- The Washington Times - Sunday, September 13, 2009

MIAMI | When Mike Rizzo inherited the Washington Nationals’ general manager’s position in March, he inherited a mess of a situation in the Dominican Republic. Club executives had been fired. Players had been released. The franchise’s entire Dominican operation had been relocated to a temporary facility.

Six months later, the situation is finally becoming stable again.

The Nationals are finalizing plans to build a new baseball facility in the country and to hire a new staff that would oversee all Latin American operations. Rizzo, team president Stan Kasten and principal owner Mark Lerner flew to the Dominican on Monday to scout three potential sites for the academy: two in Boca Chica and one in San Pedro de Macoris.

Rizzo said he expects the facility to be ready next spring.

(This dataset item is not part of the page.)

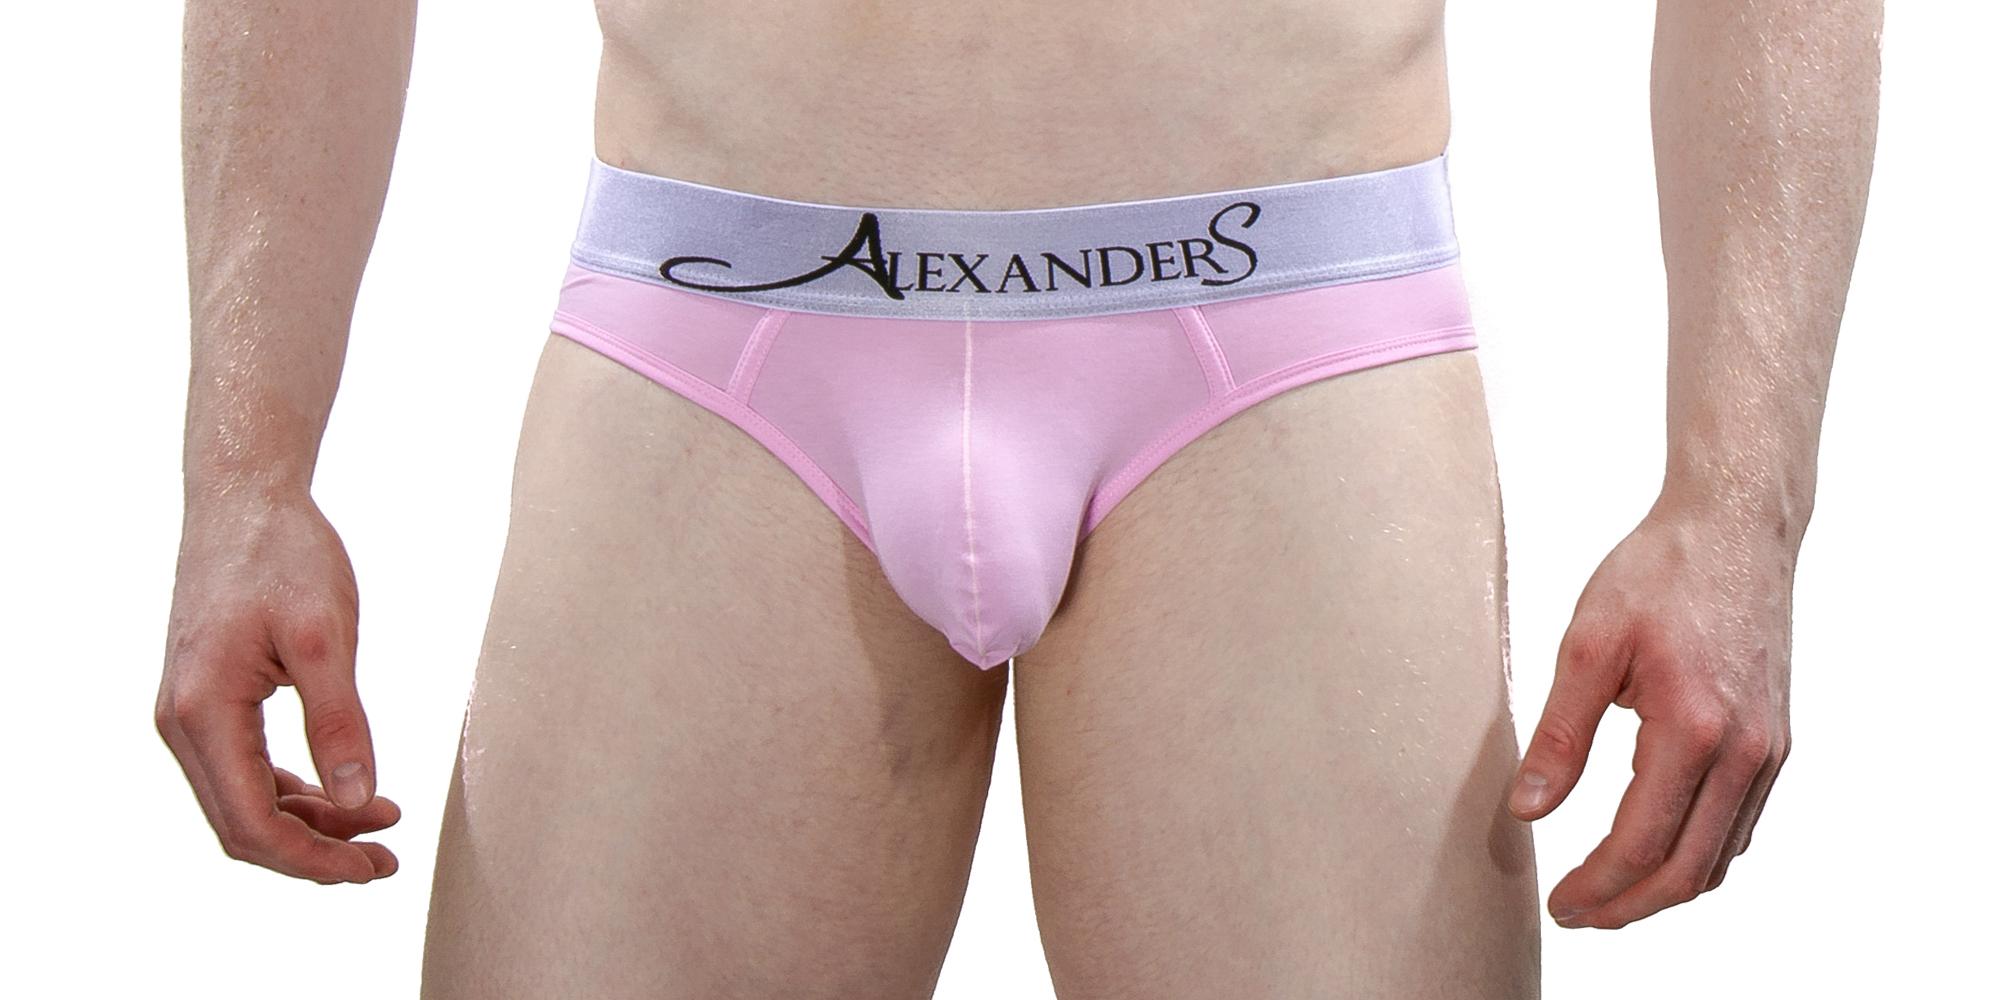 Shop men's underwear at AlexanderS for multipacks, hipsters, classic briefs, and more. Find the best coverage, colours, and styles all in one package.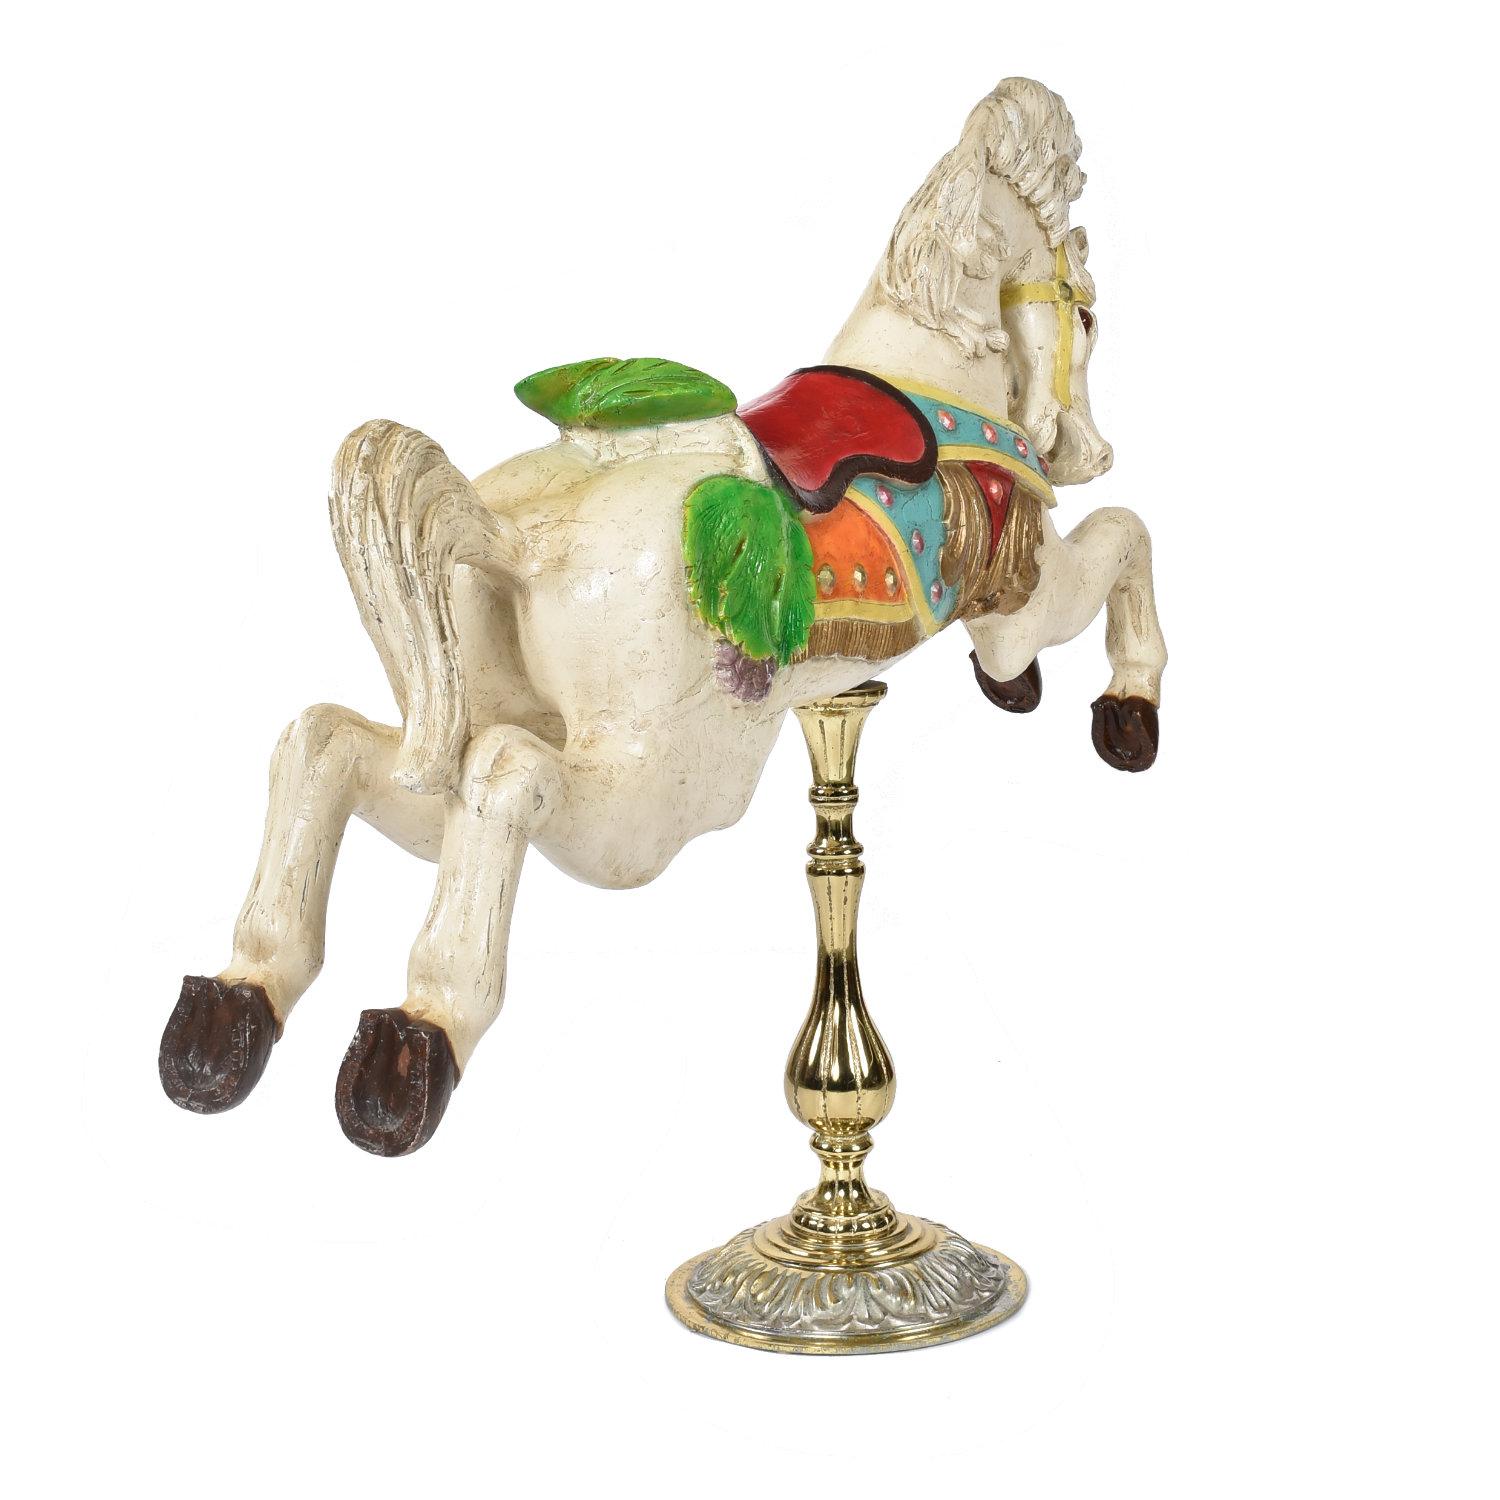 Unknown Hand Painted Midcentury Resin White Jumper Carousel Horse by C.W. Parker For Sale

“We’re well on our way of turning this thing around,” he said. “We’re going to have one of the jewels of the Caribbean and really take it and run with being a real big player in Latin America.”

Until March, the Nationals had run their Dominican operations out of a facility owned by Jose Rijo, Bowden’s former special assistant. But after allegations of bonus skimming by Rijo and the revelation that a highly touted prospect had falsified his name and age, the club moved out of the complex and into one owned by Rawlings.

“They were gracious enough to allow us to use it in our time of need,” Rizzo said. “But it was always considered a temporary fix for us.”

Rizzo said he hopes to hire a director of international operations soon, with that person hiring scouting staff throughout Latin America.

Versatile Desmond

Ian Desmond made his second career start Saturday night, taking his familiar shortstop position against the Florida Marlins. But don’t be surprised if the 23-year-old plays at other positions before the end of this season.

Seeking a way to get Desmond at-bats, interim manager Jim Riggleman is considering using the young prospect at second base and possibly in the outfield. Desmond has been a shortstop throughout his professional career, but he’s welcoming the possibility of trying out other positions.

“I love it. It’s awesome,” he said. “Before I started playing pro ball, I pretty much played everywhere. I never had one set position. I always kind of in my head wanted to be a utility player. Obviously, you don’t want that now. But I just wanted to play everything. I’d go out to center field one day. The next day I’d play second base. I did that pretty much all growing up.”

The Nationals still view Desmond - who homered and drove in four runs in his major league debut Thursday - as a shortstop in the long run. But with veteran Cristian Guzman entrenched there now, Riggleman needs to get creative.

“We want to see him play,” Riggleman said. “We’re not expecting nights like he had [Thursday]. But we do want to see him play, and I’m just not going to shut any one guy down.”

Dukes scratched

Elijah Dukes was a late scratch from Saturday’s lineup because of a stiff back. The young right fielder had been swinging a hot bat, with a .404 average and 14 walks in his past 16 games.

Rookie Justin Maxwell started in Dukes’ place and batted sixth.